START WORKING DATA

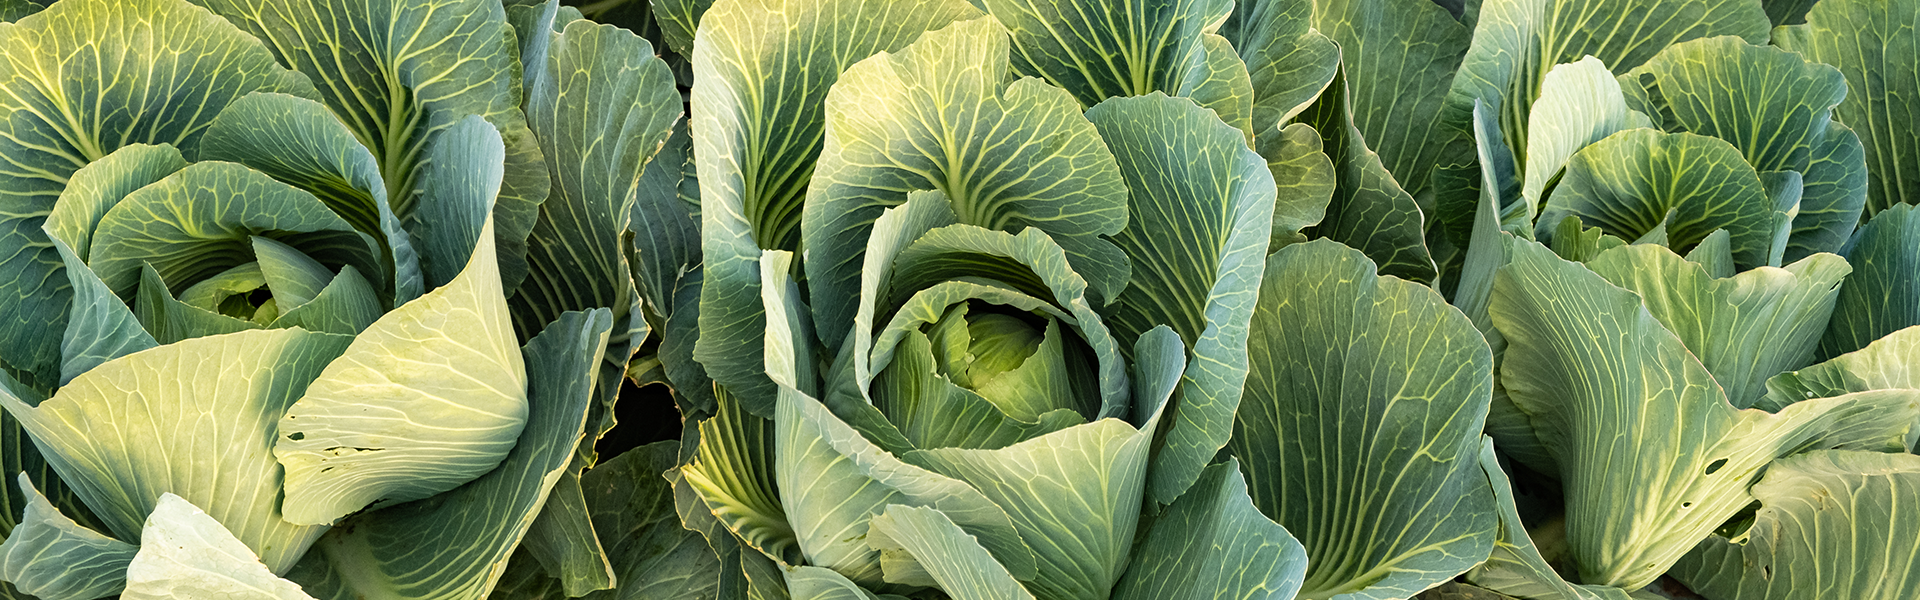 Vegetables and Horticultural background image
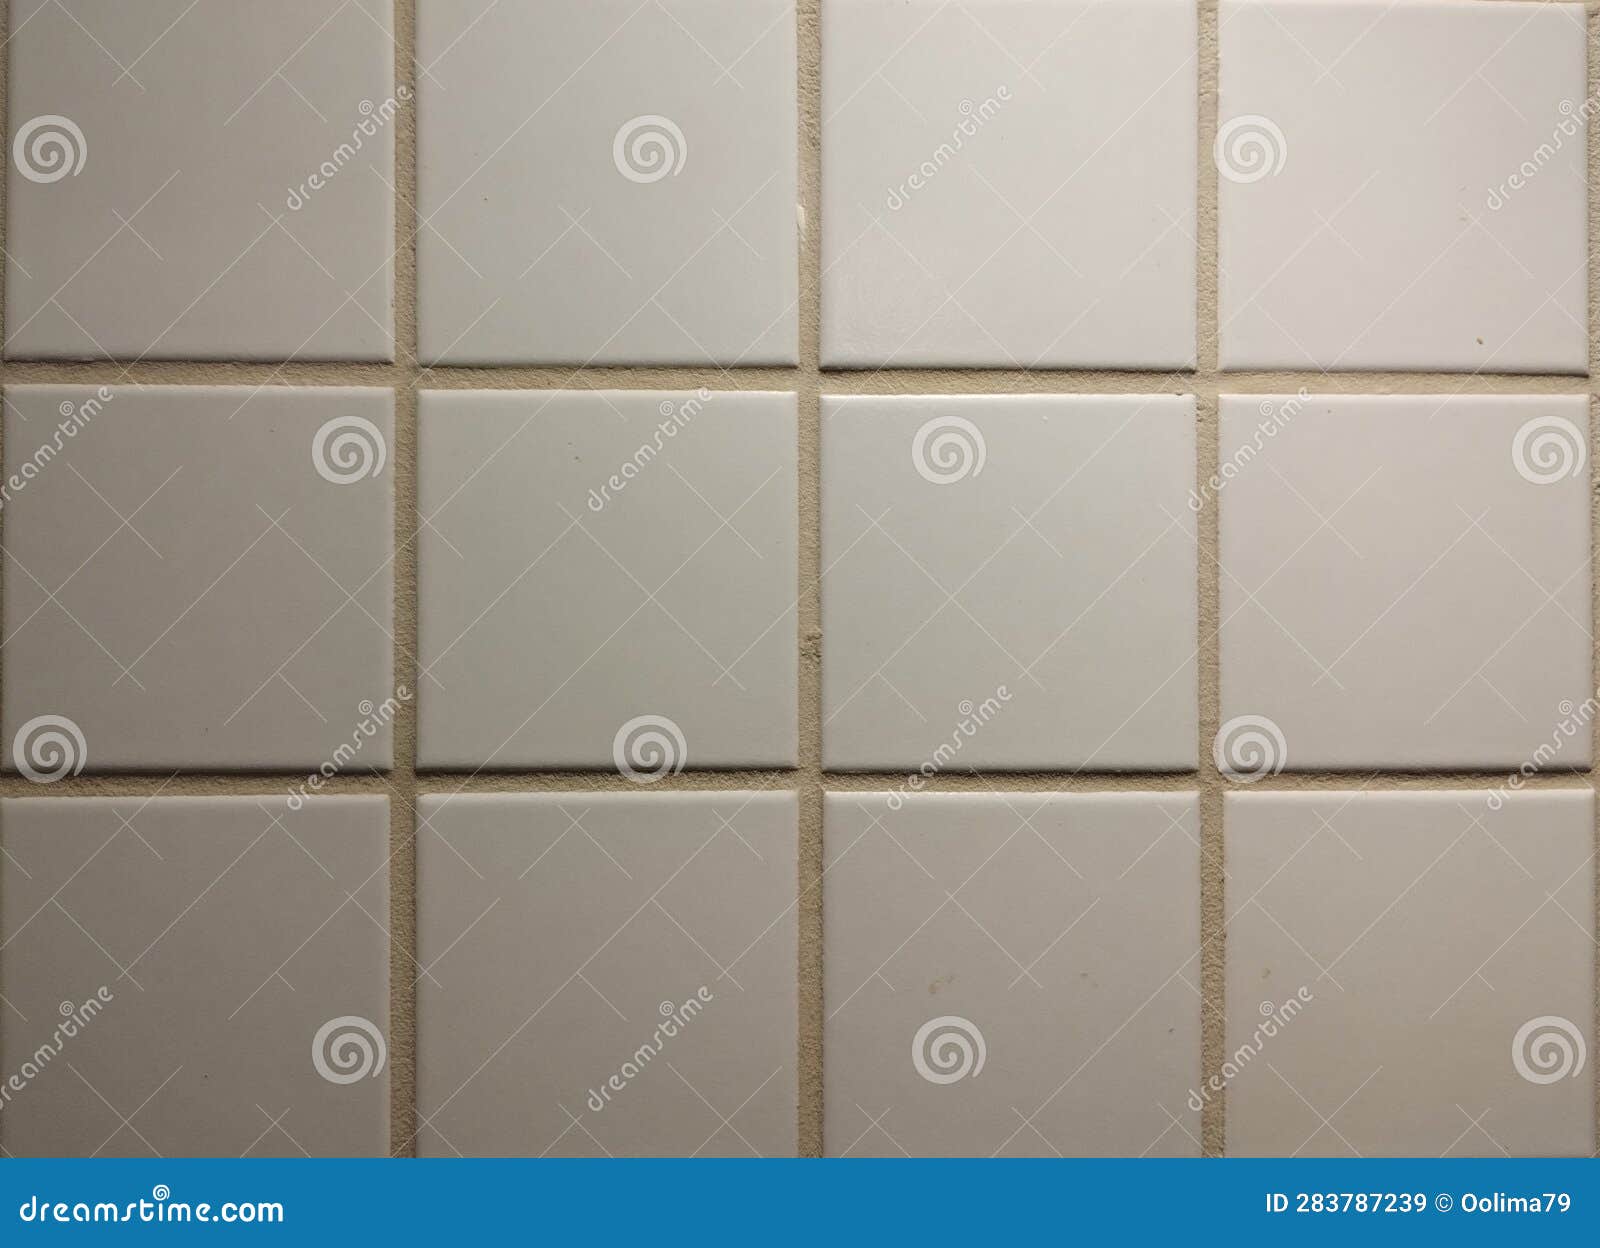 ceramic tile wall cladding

END WORKING DATA
START WORKING DATA

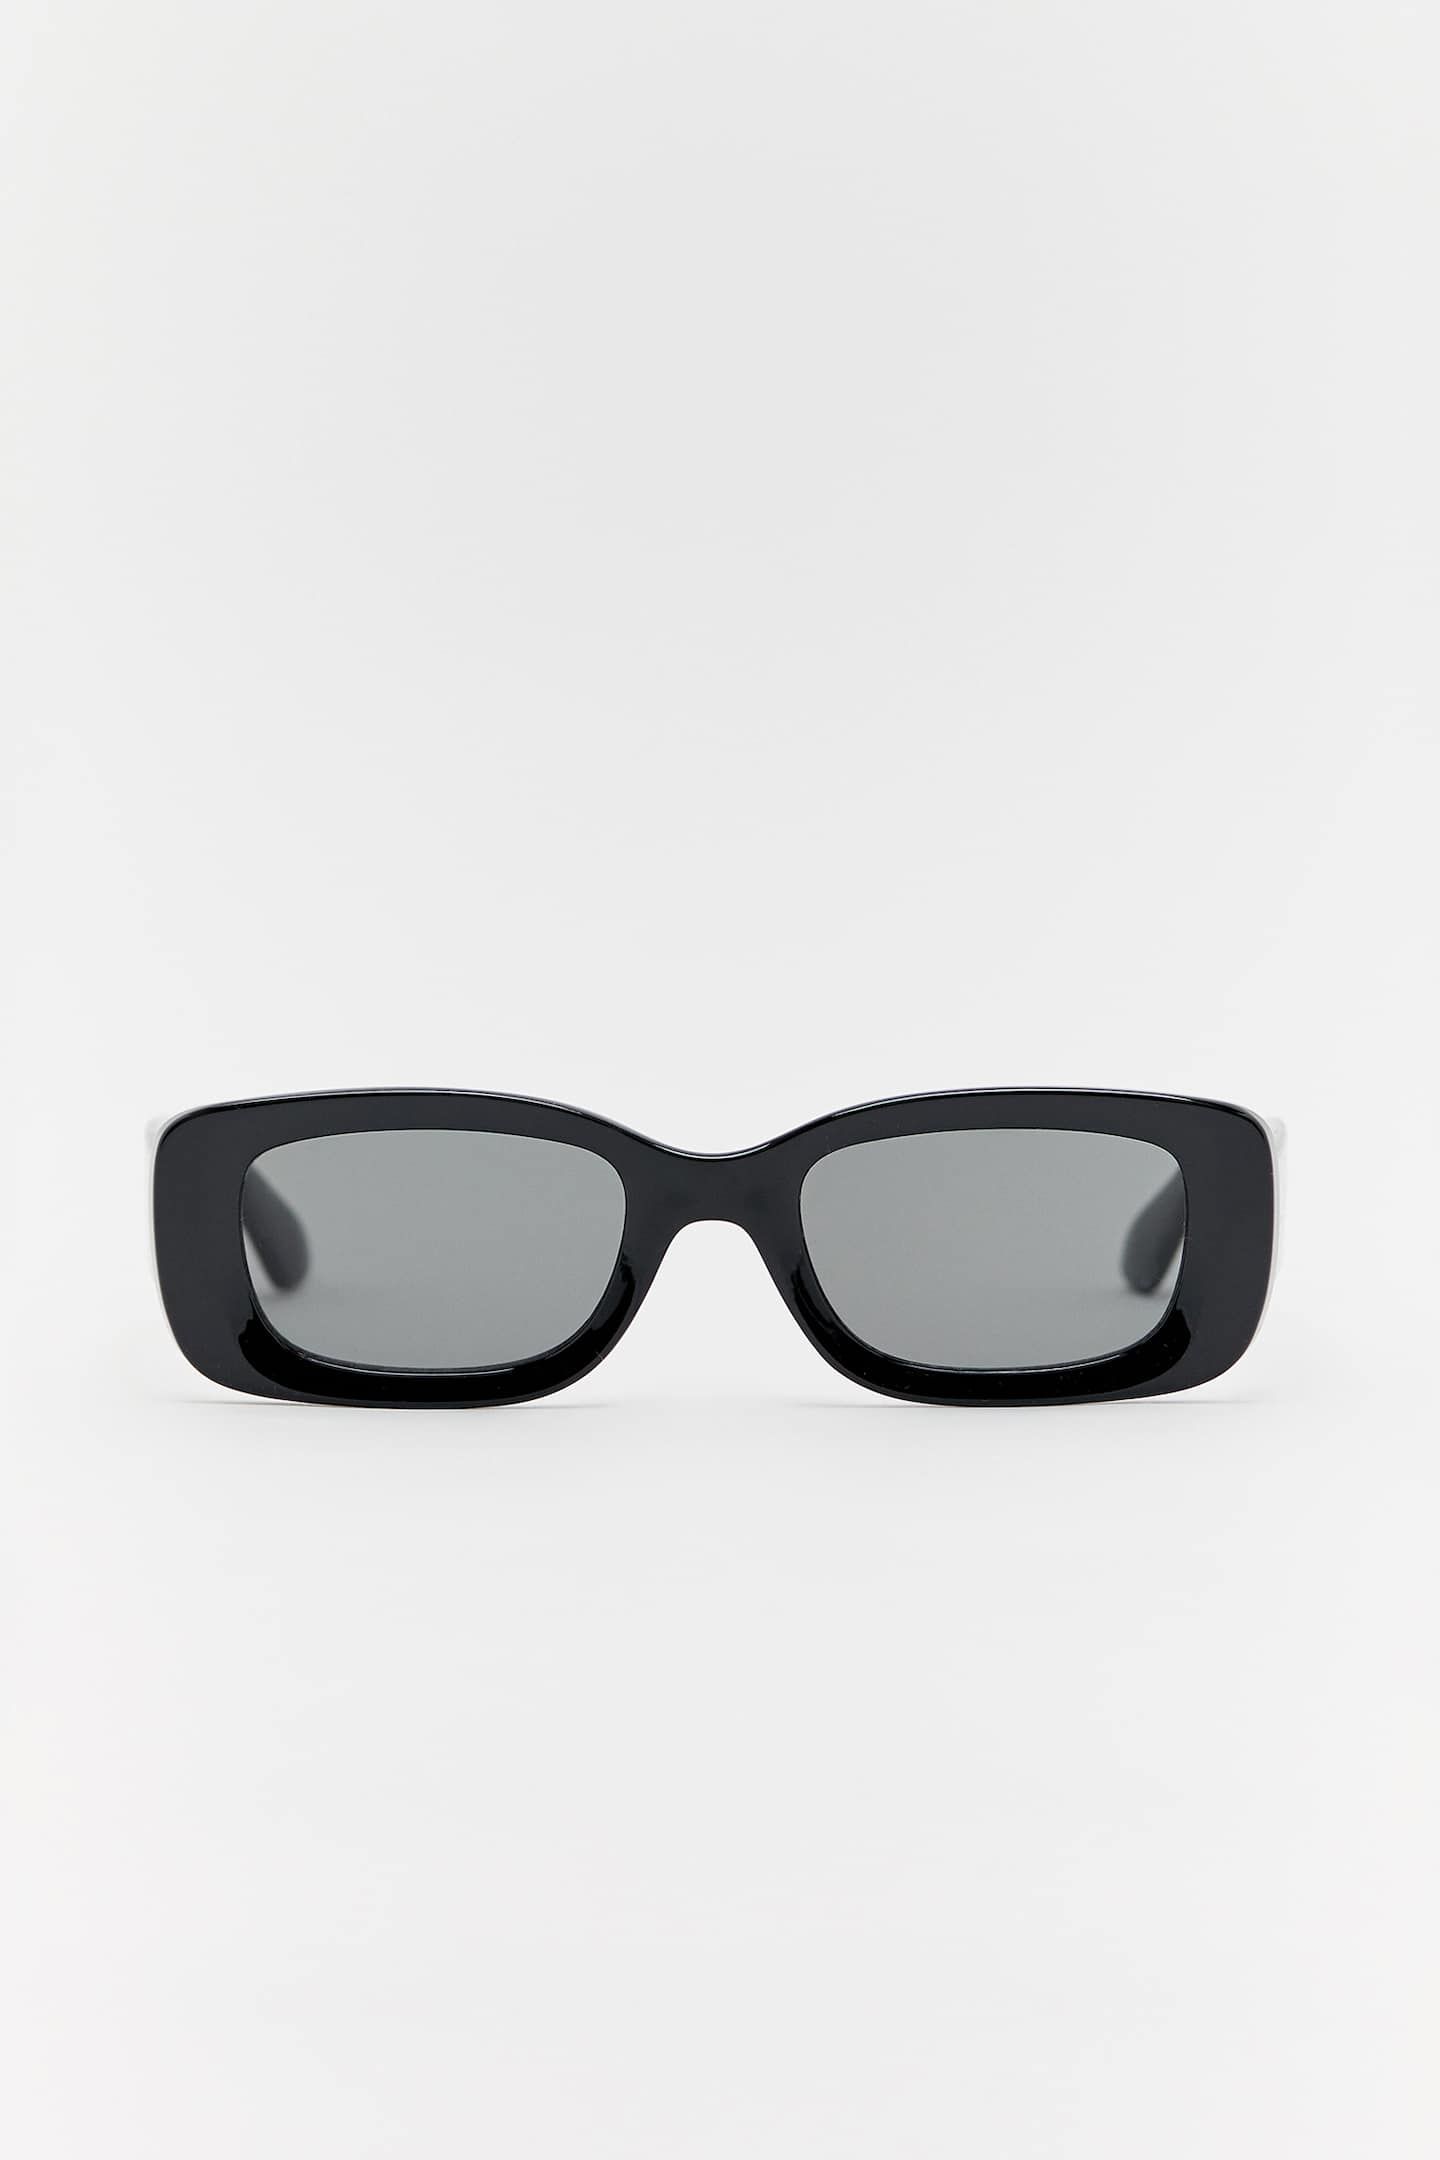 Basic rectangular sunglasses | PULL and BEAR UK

END WORKING DATA

(EXERCISE GOAL): Given the entries above, transcribe exactly the lines from the one holding "Vegetables and Horticultural" through the one holding "ceramic tile wall cladding"; pictures do not belong in the transcription.

(EXERCISE ANSWER):
 Vegetables and Horticultural background image
 ceramic tile wall cladding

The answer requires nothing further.